(Dataset records)

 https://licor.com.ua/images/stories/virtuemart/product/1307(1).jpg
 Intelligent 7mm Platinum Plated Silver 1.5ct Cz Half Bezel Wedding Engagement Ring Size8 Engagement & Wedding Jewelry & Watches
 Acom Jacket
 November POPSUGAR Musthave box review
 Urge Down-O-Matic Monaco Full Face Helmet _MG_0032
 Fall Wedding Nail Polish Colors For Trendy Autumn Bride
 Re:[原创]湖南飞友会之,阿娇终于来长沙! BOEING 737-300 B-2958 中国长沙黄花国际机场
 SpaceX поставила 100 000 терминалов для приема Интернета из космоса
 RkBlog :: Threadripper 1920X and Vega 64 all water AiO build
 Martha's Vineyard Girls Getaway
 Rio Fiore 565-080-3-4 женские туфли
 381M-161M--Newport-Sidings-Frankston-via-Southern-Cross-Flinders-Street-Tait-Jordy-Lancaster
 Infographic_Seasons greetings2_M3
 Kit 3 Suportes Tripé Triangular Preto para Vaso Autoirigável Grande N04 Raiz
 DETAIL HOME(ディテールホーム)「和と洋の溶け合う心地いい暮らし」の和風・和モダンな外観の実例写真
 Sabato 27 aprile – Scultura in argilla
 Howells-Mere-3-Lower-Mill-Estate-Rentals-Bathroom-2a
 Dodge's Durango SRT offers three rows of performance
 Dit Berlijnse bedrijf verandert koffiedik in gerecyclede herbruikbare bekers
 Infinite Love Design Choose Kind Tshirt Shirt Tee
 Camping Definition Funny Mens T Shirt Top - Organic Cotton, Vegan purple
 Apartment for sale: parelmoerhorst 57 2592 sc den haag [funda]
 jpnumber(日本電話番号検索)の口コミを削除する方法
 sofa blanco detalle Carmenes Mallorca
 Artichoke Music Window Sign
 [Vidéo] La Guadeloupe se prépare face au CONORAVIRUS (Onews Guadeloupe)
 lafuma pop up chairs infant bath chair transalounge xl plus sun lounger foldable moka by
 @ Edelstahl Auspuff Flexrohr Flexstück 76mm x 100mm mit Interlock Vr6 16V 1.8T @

▸ **What to produce**
Write out, please, only the lines from the one with "jpnumber(日本電話番号検索)の口コミを削除する方法" through the last line above, both included and unchanged.

▸ **Task response**
 jpnumber(日本電話番号検索)の口コミを削除する方法
 sofa blanco detalle Carmenes Mallorca
 Artichoke Music Window Sign
 [Vidéo] La Guadeloupe se prépare face au CONORAVIRUS (Onews Guadeloupe)
 lafuma pop up chairs infant bath chair transalounge xl plus sun lounger foldable moka by
 @ Edelstahl Auspuff Flexrohr Flexstück 76mm x 100mm mit Interlock Vr6 16V 1.8T @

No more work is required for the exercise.